What kind of long-term society do we want to have? Do we want to have a society where the loudest and most aggressive has the word, or do we want it where we bring people up instead of annihilating them because they're weaker?
Again, the web hasn't been around that long, so I really think we're still trying to create those norms. Where can we draw the line? What is acceptable? How do we honor freedom of speech and at the same time make freedom of speech reflect an environment where everybody gets to have a voice and where people are not shut down through harassment and abuse and lies? We're really still trying to figure this all out.
From a psychological perspective, if we suddenly turn and beat somebody up, psychologically, physically, or emotionally, because they've acted badly online, they're not necessarily going to see the error of their ways.
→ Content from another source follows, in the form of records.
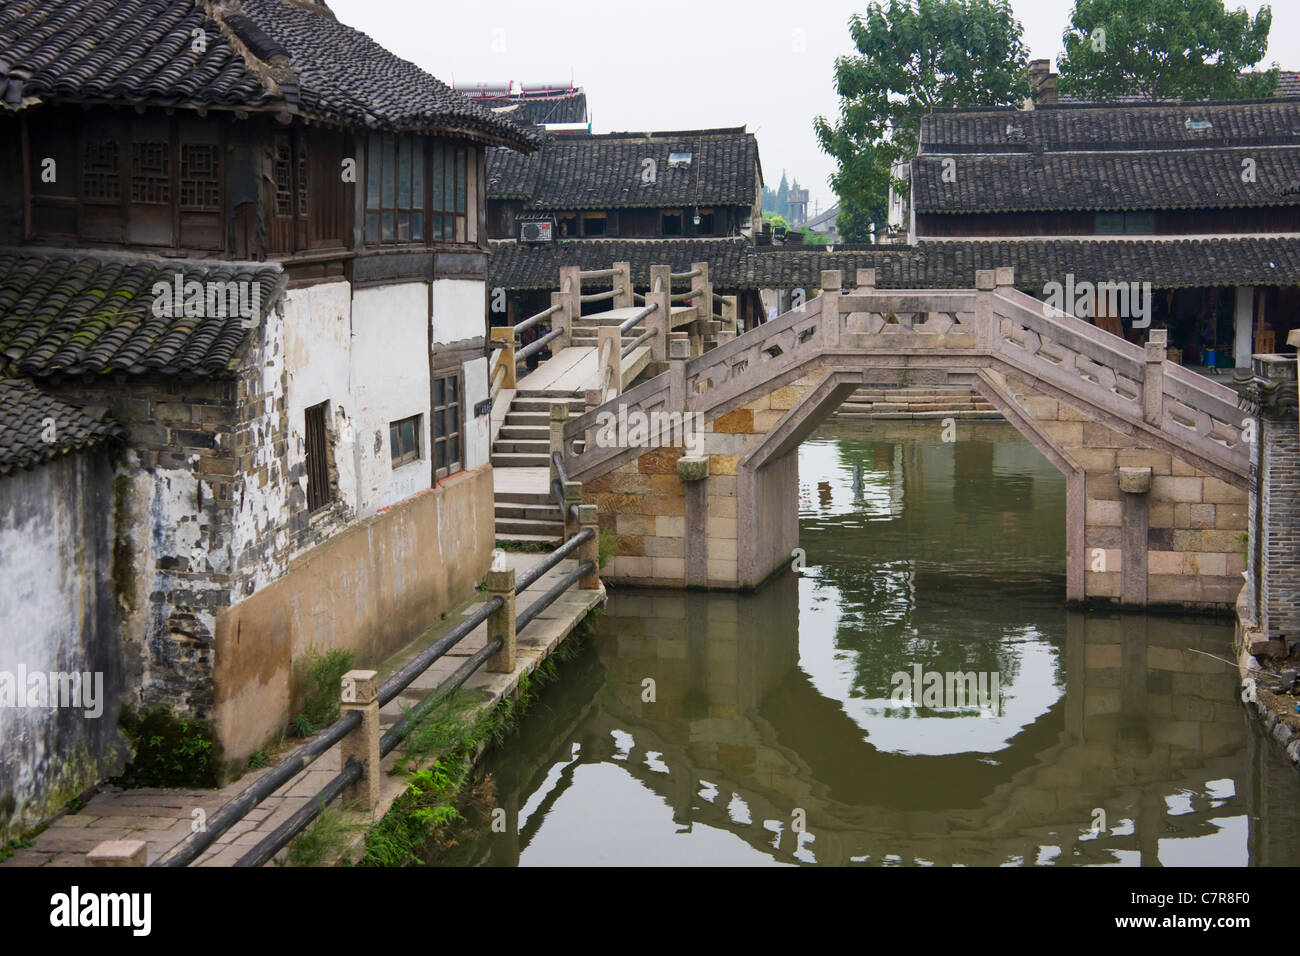 Old residence and stone bridge on the Grand Canal, Xitang, Zhejiang Province, China Stock Photo
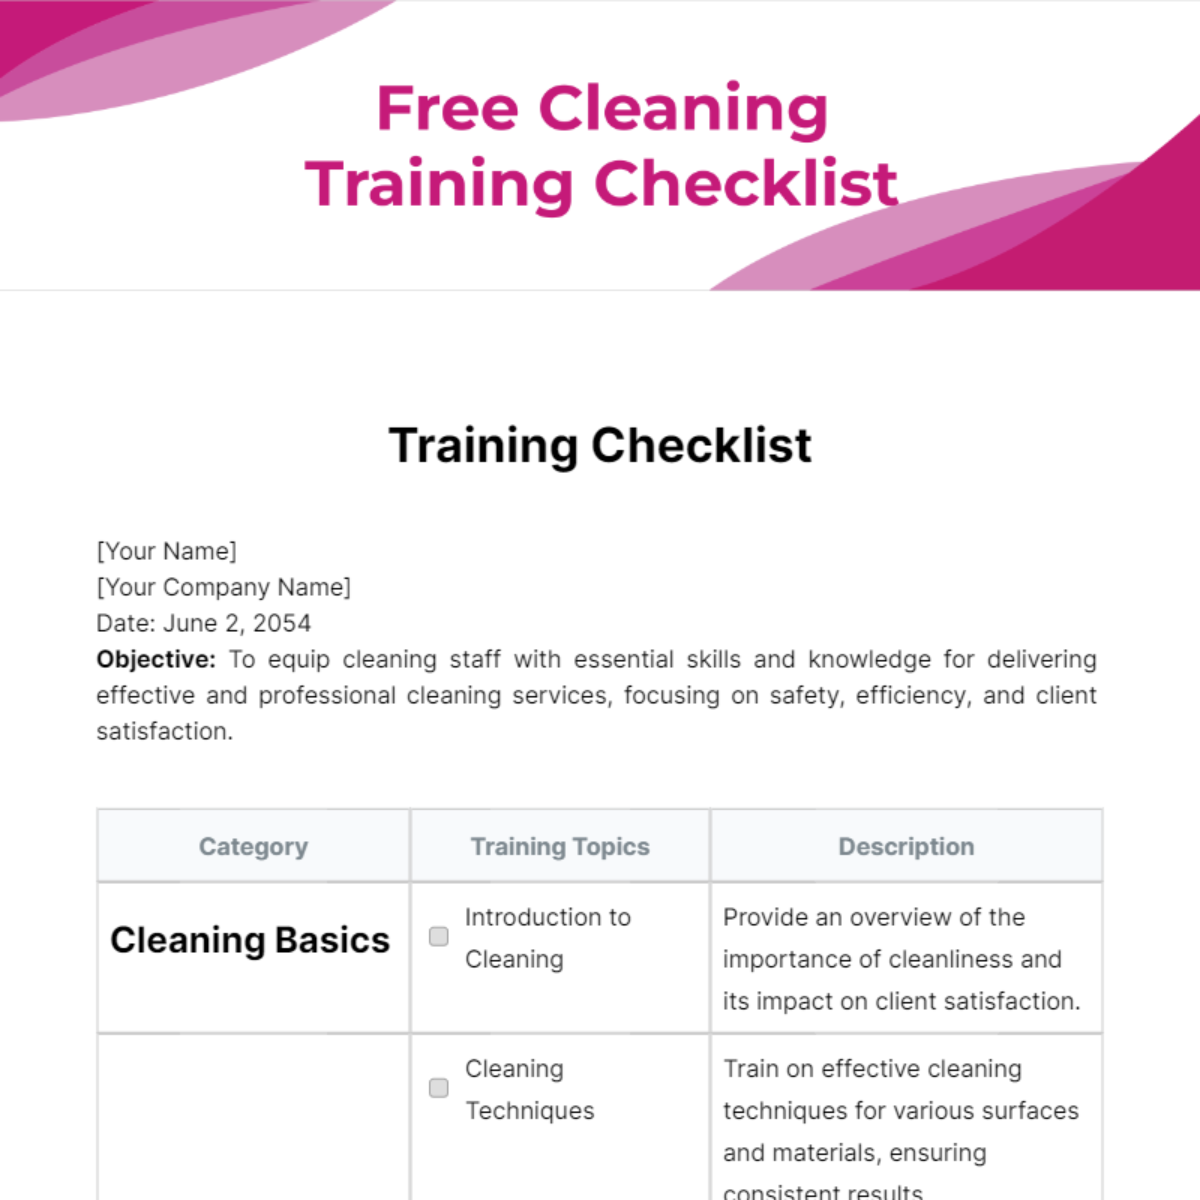 Free Cleaning Training Checklist Template
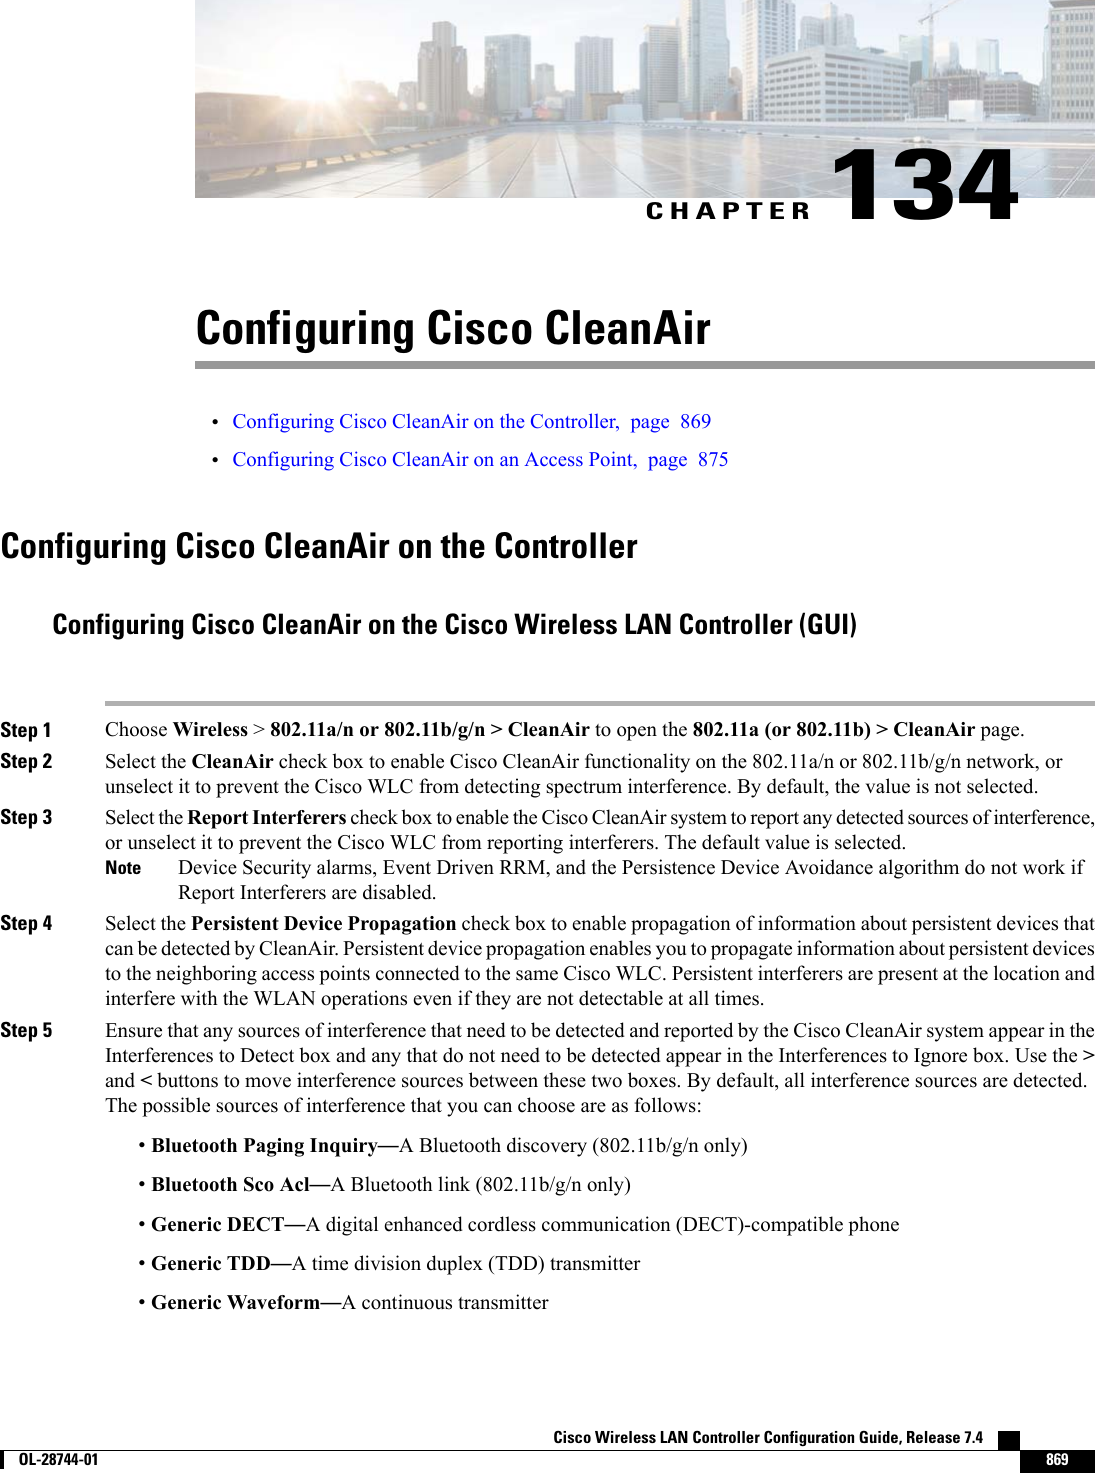 CHAPTER 134Configuring Cisco CleanAir•Configuring Cisco CleanAir on the Controller, page 869•Configuring Cisco CleanAir on an Access Point, page 875Configuring Cisco CleanAir on the ControllerConfiguring Cisco CleanAir on the Cisco Wireless LAN Controller (GUI)Step 1 Choose Wireless &gt;802.11a/n or 802.11b/g/n &gt; CleanAir to open the 802.11a (or 802.11b) &gt; CleanAir page.Step 2 Select the CleanAir check box to enable Cisco CleanAir functionality on the 802.11a/n or 802.11b/g/n network, orunselect it to prevent the Cisco WLC from detecting spectrum interference. By default, the value is not selected.Step 3 Select the Report Interferers check box to enable the Cisco CleanAir system to report any detected sources of interference,or unselect it to prevent the Cisco WLC from reporting interferers. The default value is selected.Device Security alarms, Event Driven RRM, and the Persistence Device Avoidance algorithm do not work ifReport Interferers are disabled.NoteStep 4 Select the Persistent Device Propagation check box to enable propagation of information about persistent devices thatcan be detected by CleanAir. Persistent device propagation enables you to propagate information about persistent devicesto the neighboring access points connected to the same Cisco WLC. Persistent interferers are present at the location andinterfere with the WLAN operations even if they are not detectable at all times.Step 5 Ensure that any sources of interference that need to be detected and reported by the Cisco CleanAir system appear in theInterferences to Detect box and any that do not need to be detected appear in the Interferences to Ignore box. Use the &gt;and &lt;buttons to move interference sources between these two boxes. By default, all interference sources are detected.The possible sources of interference that you can choose are as follows:•Bluetooth Paging Inquiry—A Bluetooth discovery (802.11b/g/n only)•Bluetooth Sco Acl—A Bluetooth link (802.11b/g/n only)•Generic DECT—A digital enhanced cordless communication (DECT)-compatible phone•Generic TDD—A time division duplex (TDD) transmitter•Generic Waveform—A continuous transmitterCisco Wireless LAN Controller Configuration Guide, Release 7.4        OL-28744-01 869

In fact, what's going to happen is ... they're going to dig in deeper, very often, and feel that they want to ensure that their position was correct because they feel attacked. That's what we do from a protectionistic perspective.
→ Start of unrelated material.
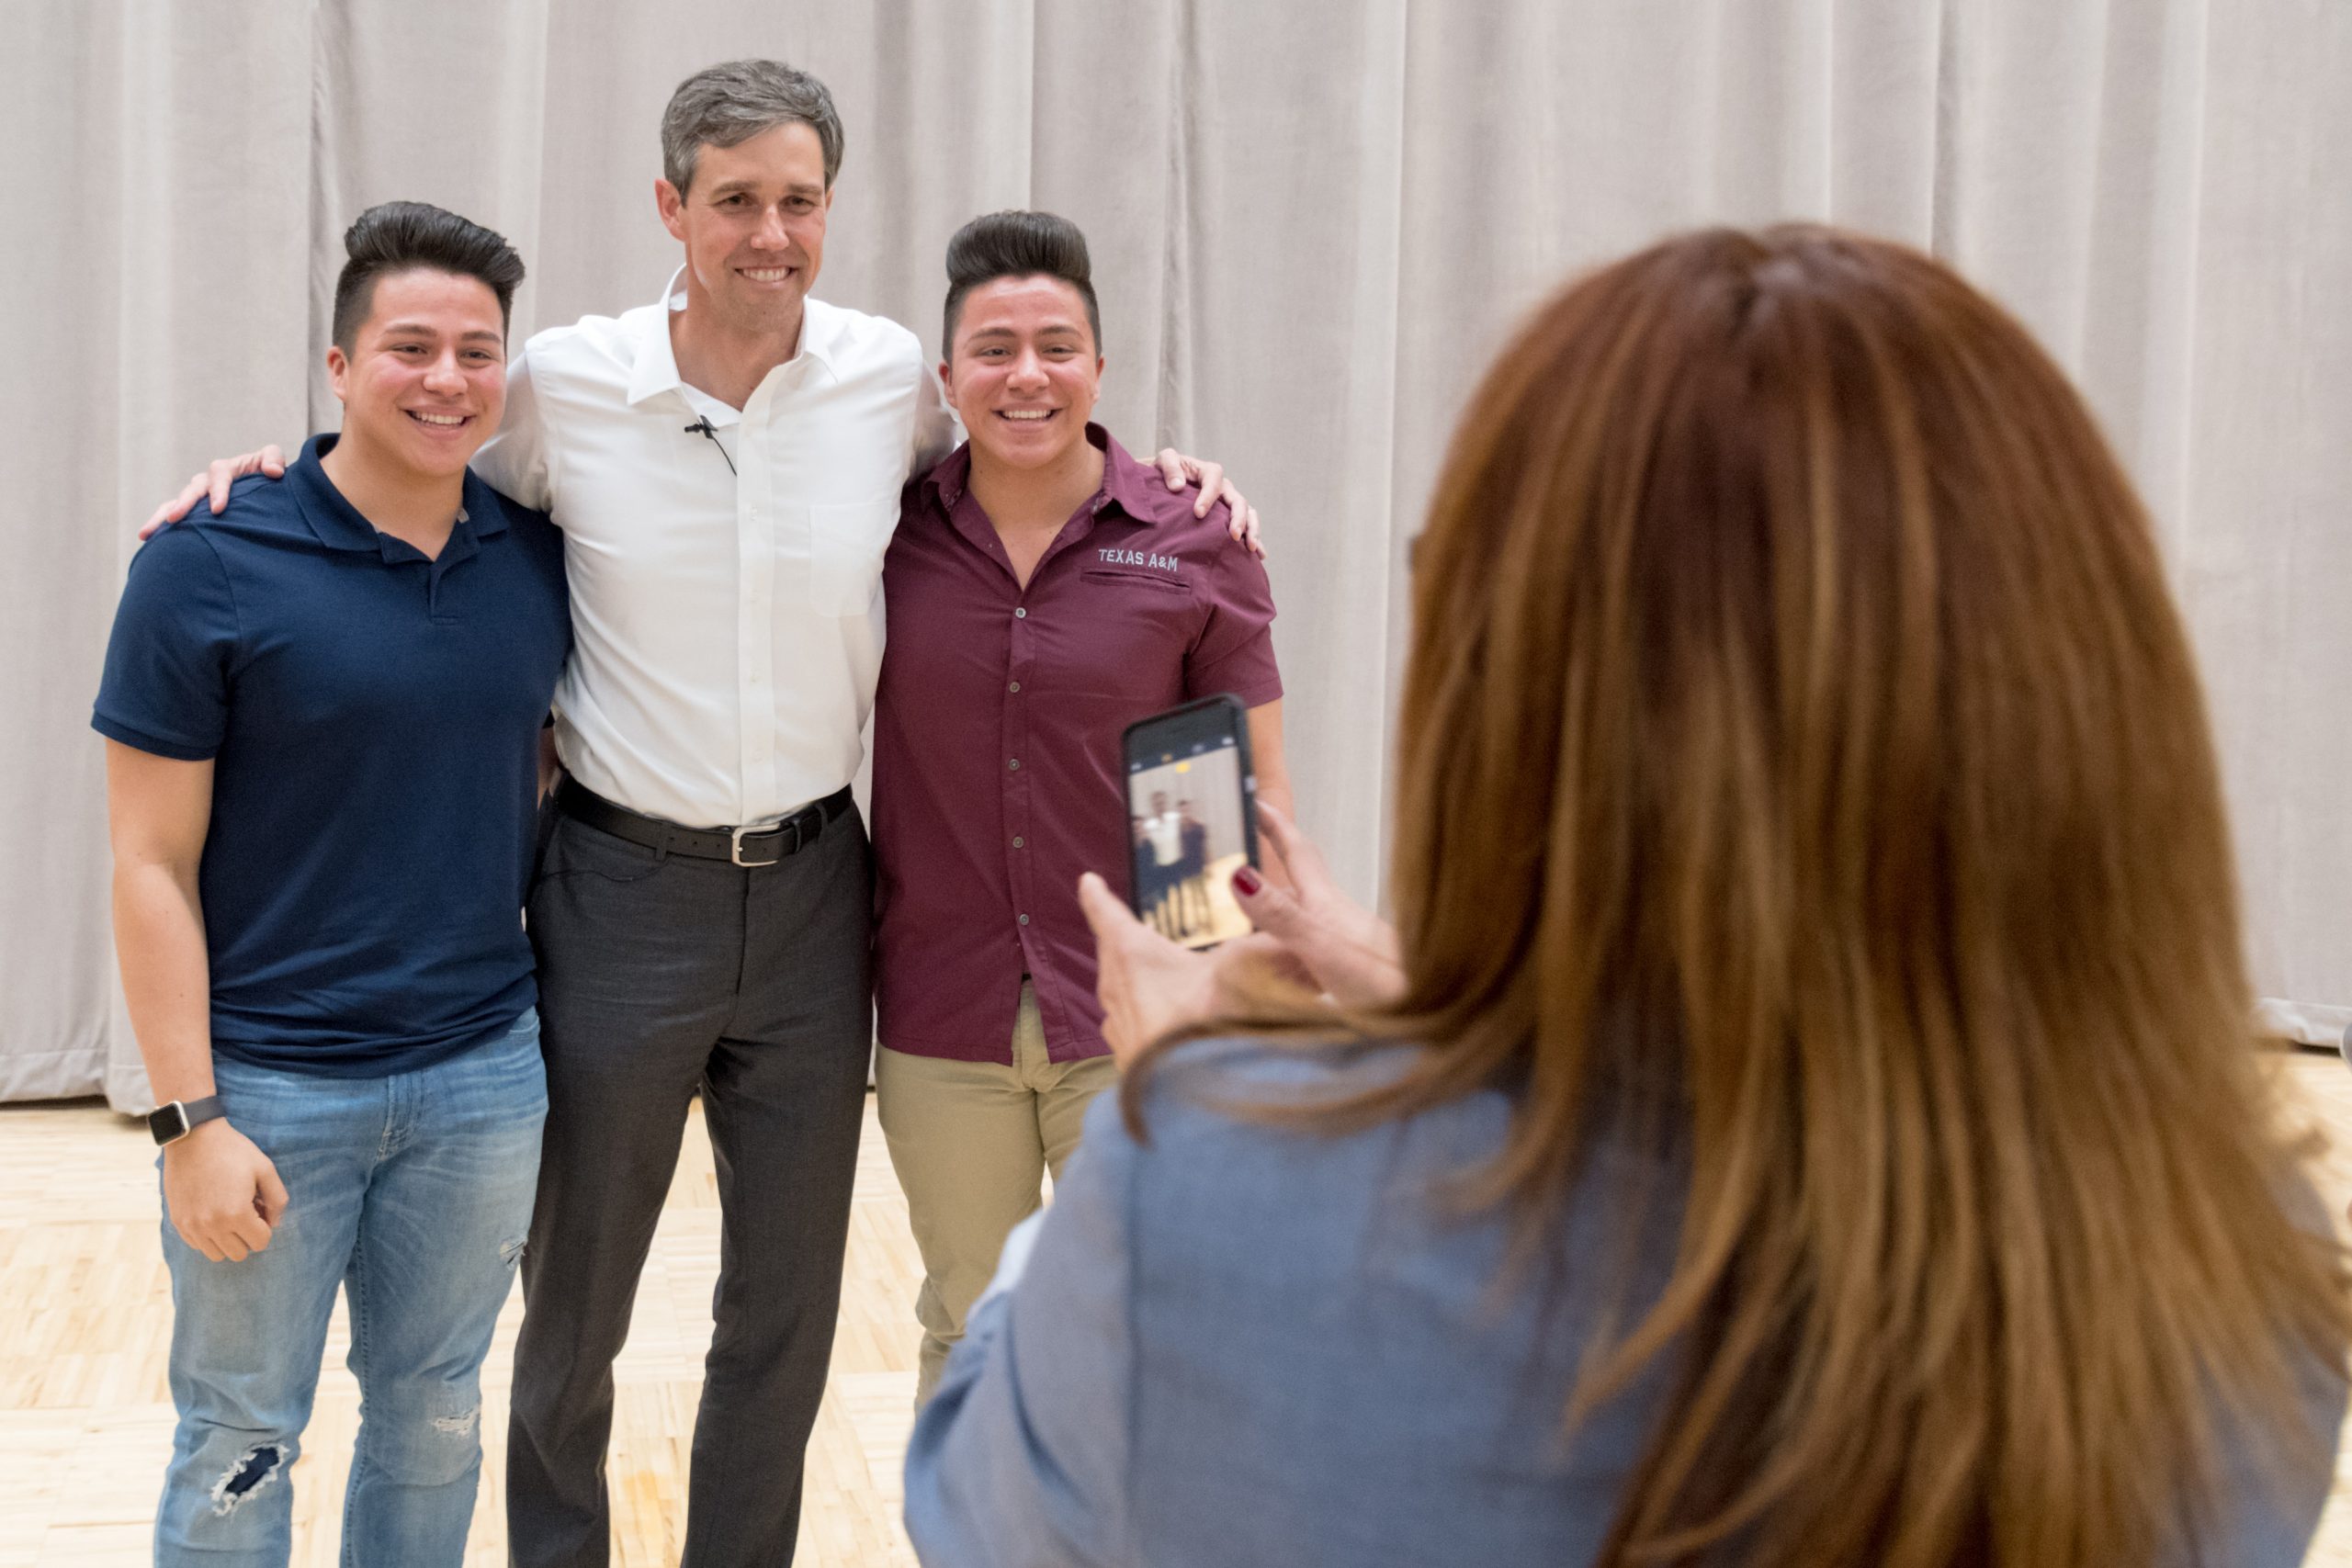 Town+Hall+with+Beto+ORourke

There is value in holding people accountable, and sometimes you do need to go public with what's happened. Lets say somebody doesn't get it. If you send them a private message, sometimes that doesn't work. So ultimately sometimes you need to escalate, and that escalation could involve going public.
Now, you can go public without necessarily wanting to have the lynch mob turn on that person. The goal is to get them to stop their behavior, or to suffer some sort of repercussion that makes them do an about face. Maybe an introspection that says, 'I can't do this anymore.' And there are cases like that.
Think about the fellow called violentacrez on Reddit. He was running a sub-Reddit, and it was one of those with a lot of pictures involved, if you know what I mean.
Gawker outed him. Gawker has had its own place in online damage to people's reputations, so it was very interesting that they were outing somebody who was also behaving badly. But apparently one of their writers was able to determine the person's real identity. Again, he was managing the sub-Reddit and posting a lot of pictures of people online who had not volunteered to have their pictures publicized.
The point was, he begged and begged and begged not to have his real identity released. He said, 'Oh my goodness, I'm the only one working. If this gets released, I'm going to lose my job. My wife, she's got health problems.' The writer and the publication ... publicized it and he lost his job. You don't really want to feel sorry for somebody like that who had behaved that badly. At the same time, you have to look at that and say, 'OK, was the goal achieved that he was outed? Did this warn other people in the future? Did he have a change of heart and decide to never behave this way again?' I don't have answers to that, but there are situations where, I think, it is a smart move to go public.